On Tue, 2011-11-22 at 16:49 -0500, David Miller wrote:
> I frankly don't care very much about MPLS personally, it's such a
> fringe facility.  So if people just argue themselves into oblivion and
> no forward progress is made, just like last time an MPLS submission
> was attempted, that's also fine with me :-)

Hello David,

Oh dear. I don't know how I can express my years of frustration at the
lack of MPLS in the stock Linux kernel and the thought that it may be
another five years away.

Maybe that I've just spend $50K on a router to terminate MPLS tunnels
into ethernet VLANs, just so Linux can be a recording device for Juniper
routers intercepting traffic. You might well ask why Juniper chose MPLS
rather than GRE, and the answer there is that MPLS is so fundamental to
modern networking that it is implemented in the forwarding silicon of
the interface, making MPLS the obvious choice for copying every packet
matching a flowspec into a tunnel

Maybe that MPLS is the technology used to transform a router into a
network.
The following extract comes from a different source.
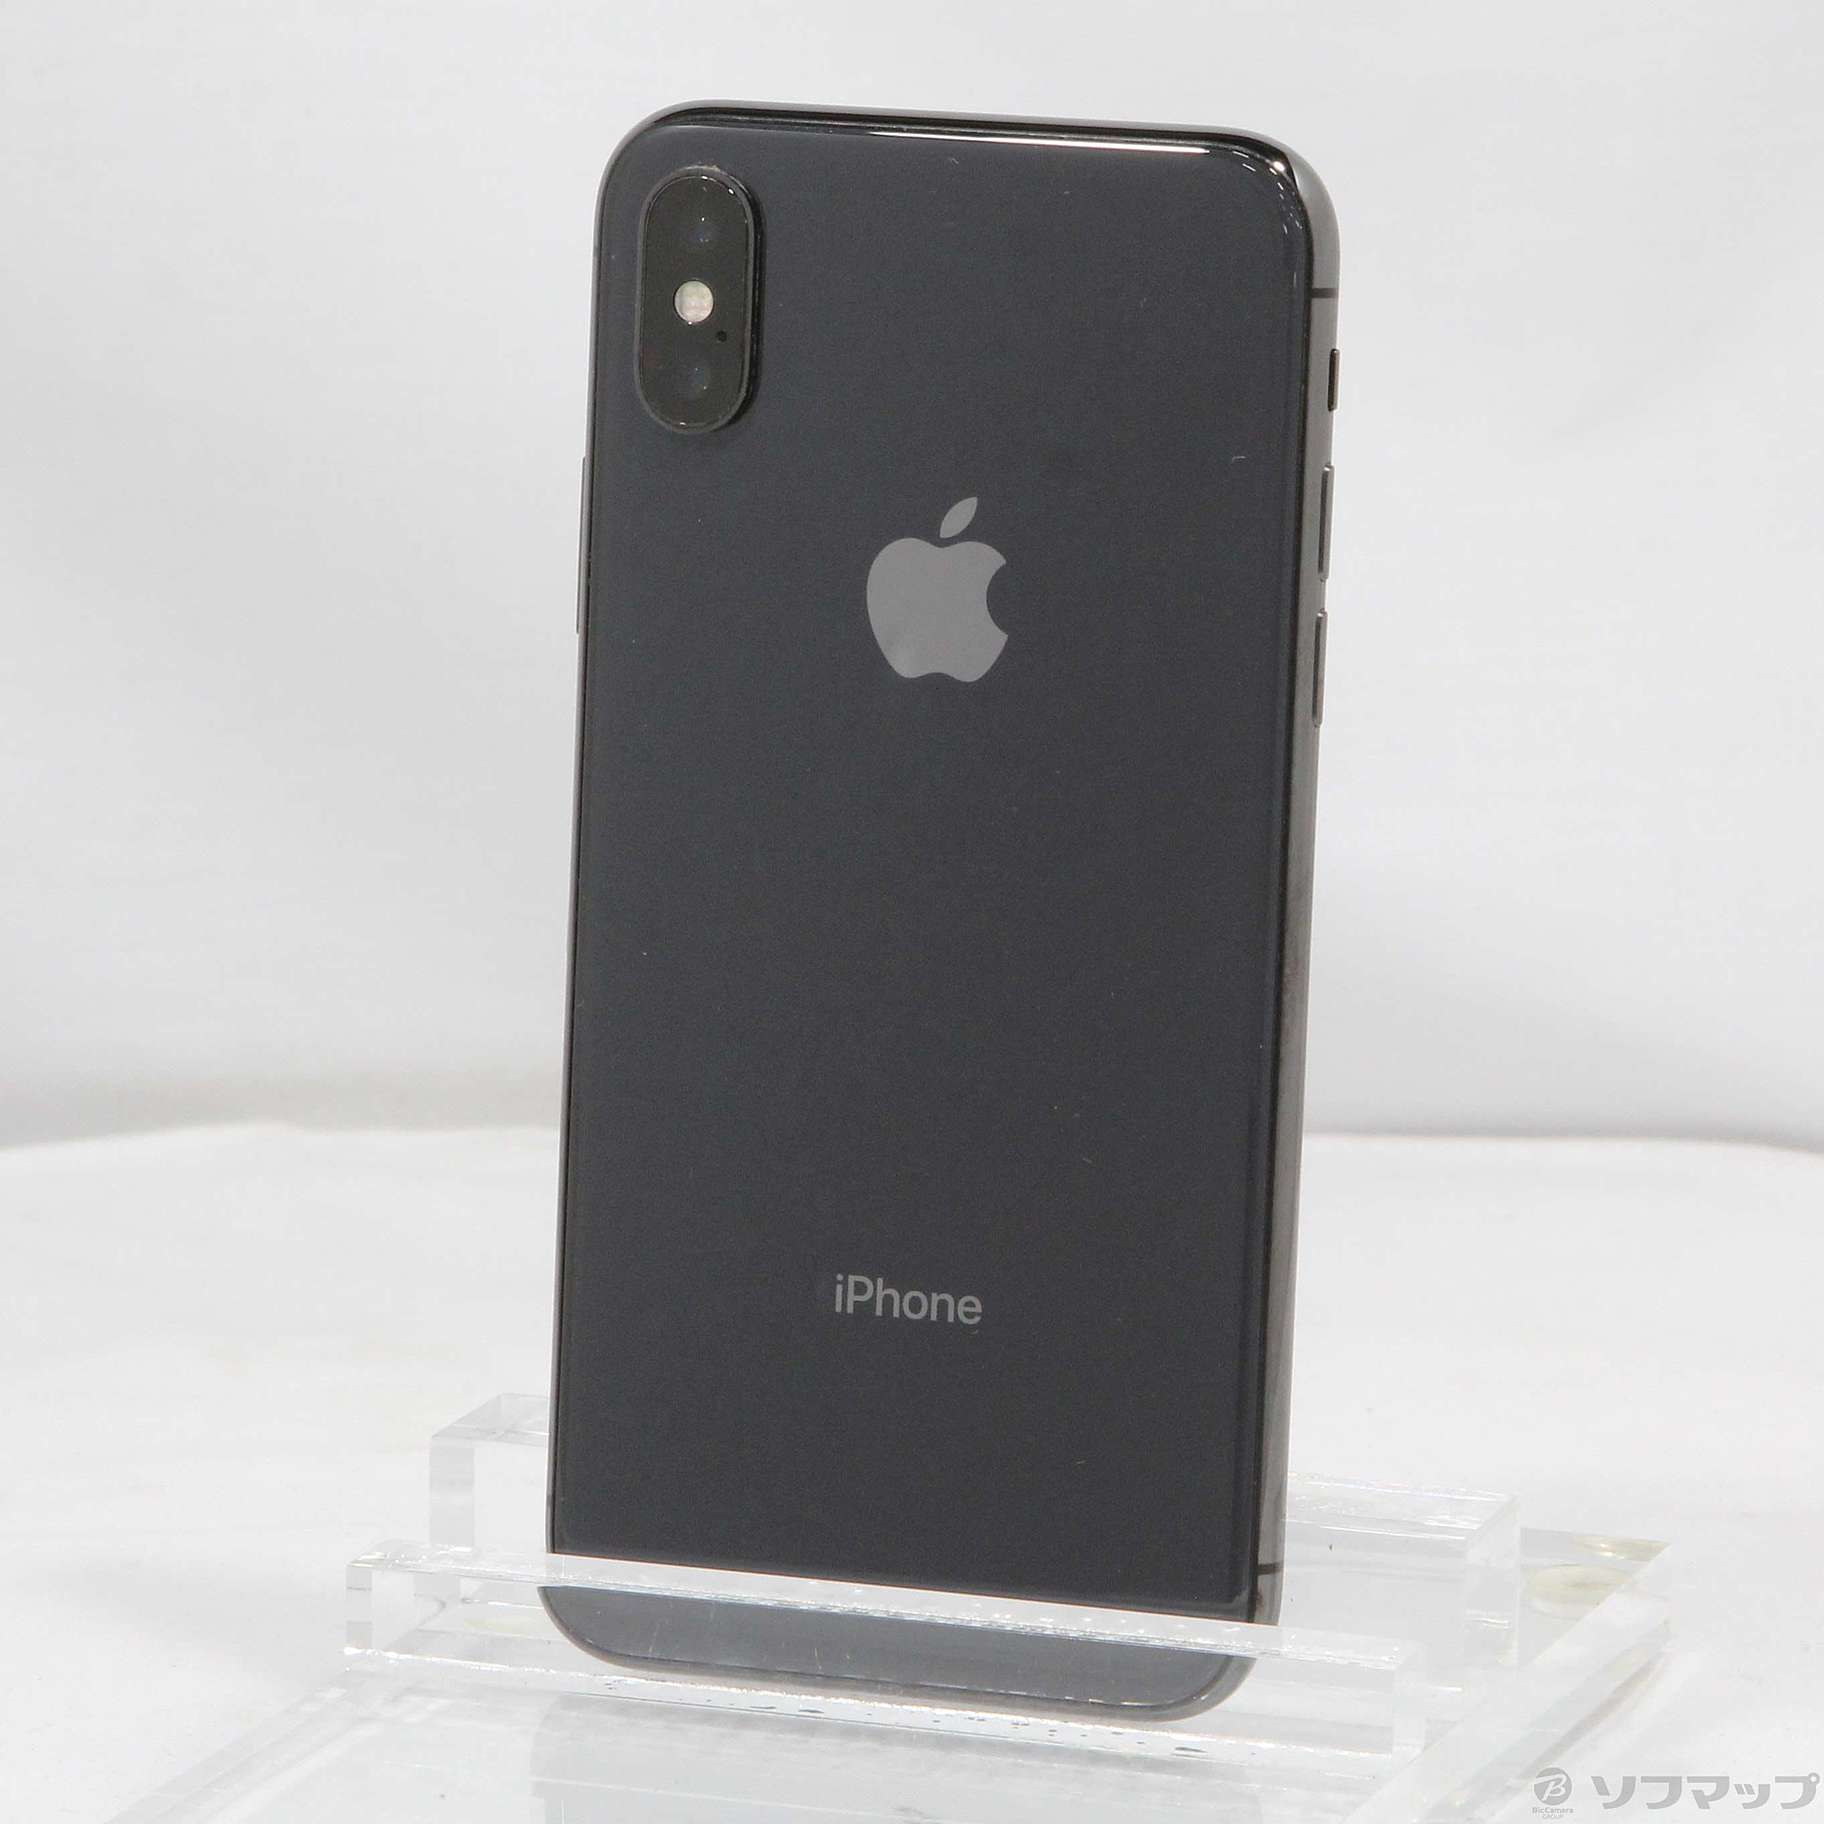 販売用新品SIMフリー iPhone X 256GB スペースグレイ MQC12J/A スマートフォン本体

Which is why all of the Linux router and software-defined
networking devices have kernels with MPLS patches. Middleboxes lacking
MPLS are increasingly difficult to integrate into a modern ISP network
-- firewalls, SIP session border controllers, etc. Linux is, of course,
the dominant OS on those middleboxes.

Maybe that without host MPLS we are only left with the architectural
mess which is data centre ethernet when wanting to add advanced
networking features to hosts. There's a good argument that data centre
ethernet only exists because MPLS isn't widespread on hosts.
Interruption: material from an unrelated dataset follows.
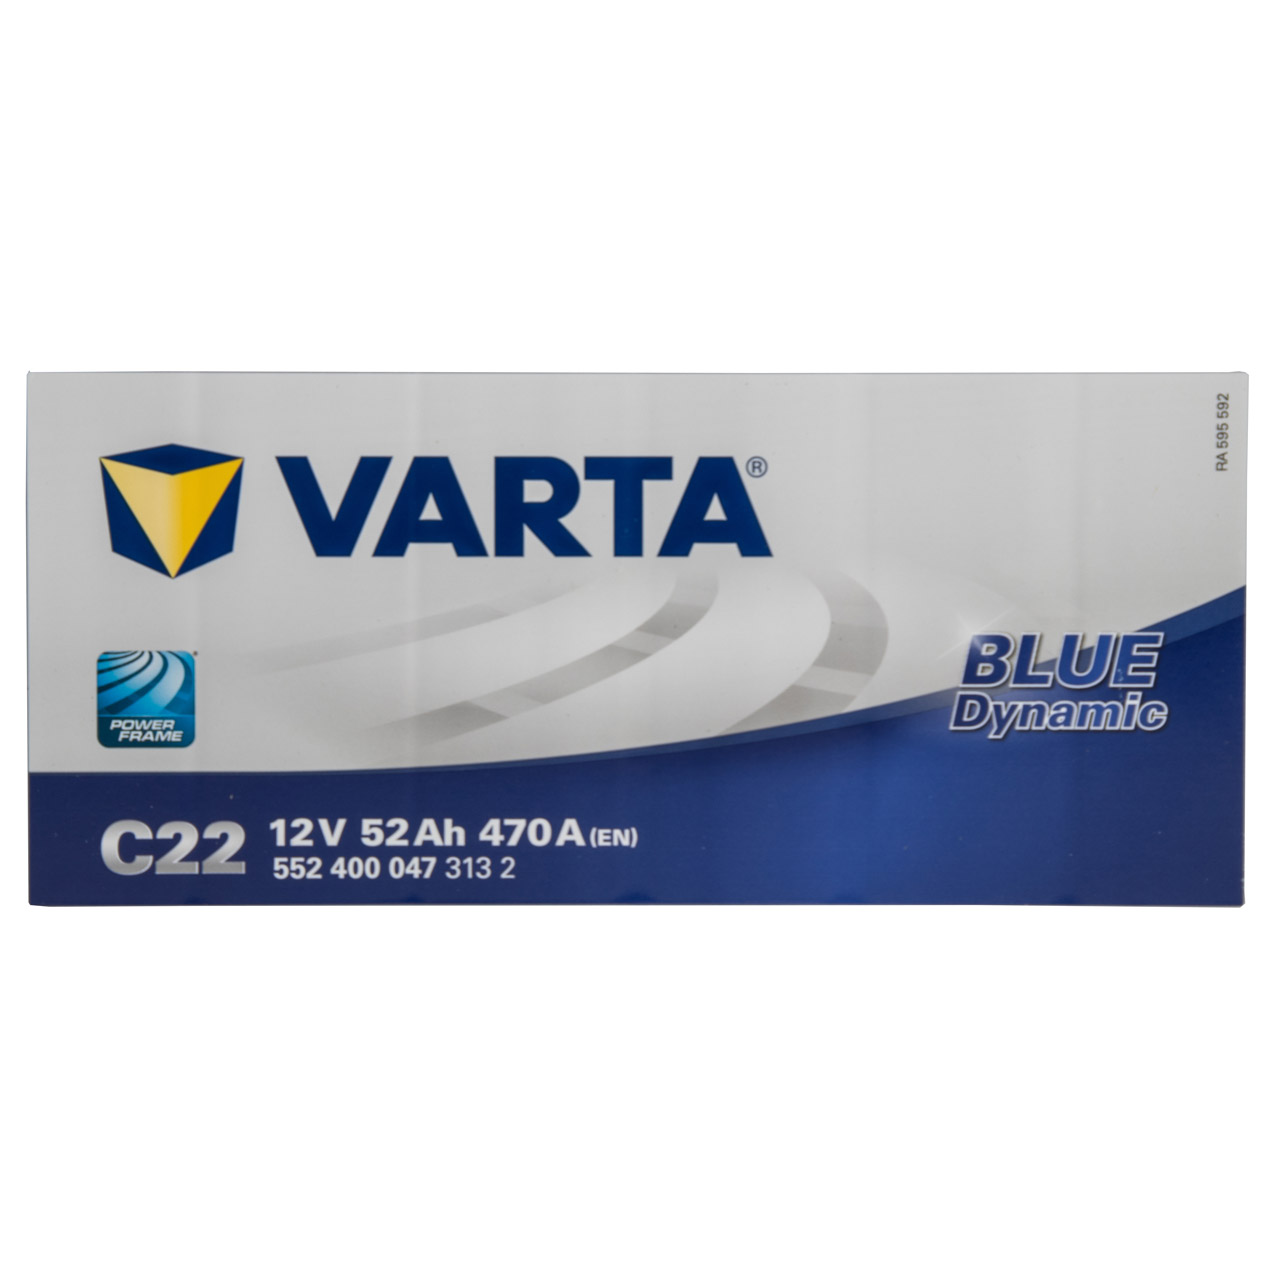 VARTA C22 Blue Dynamic 12V 52Ah - VARTA Blue Dynamic - Shop

Maybe that servers hosting virtual machines forces servers to become
part of the network -- servers aren't edge devices anymore. Terminating
MPLS on an edge subnet is difficult when the edge subnet exists within a
server which doesn't implement MPLS.

Maybe that the server is changing so that advanced networking is part of
its brief. Large sites have redundant data centres. Small sites
outsource to cloud providers to gain the advantages of large sites. The
pool outside of those two is shrinking.

I don't know enough to say if these MPLS patches are any good or not --
I haven't spent my life working on the Linux kernel. I have spent my
life building Internet networks, so I do know enough to say that if you
want Linux to continue to be attractive to ISPs and large enterprises as
the Swiss Army Knife for network services then it is well time that some
MPLS implementation was in the stock kernel.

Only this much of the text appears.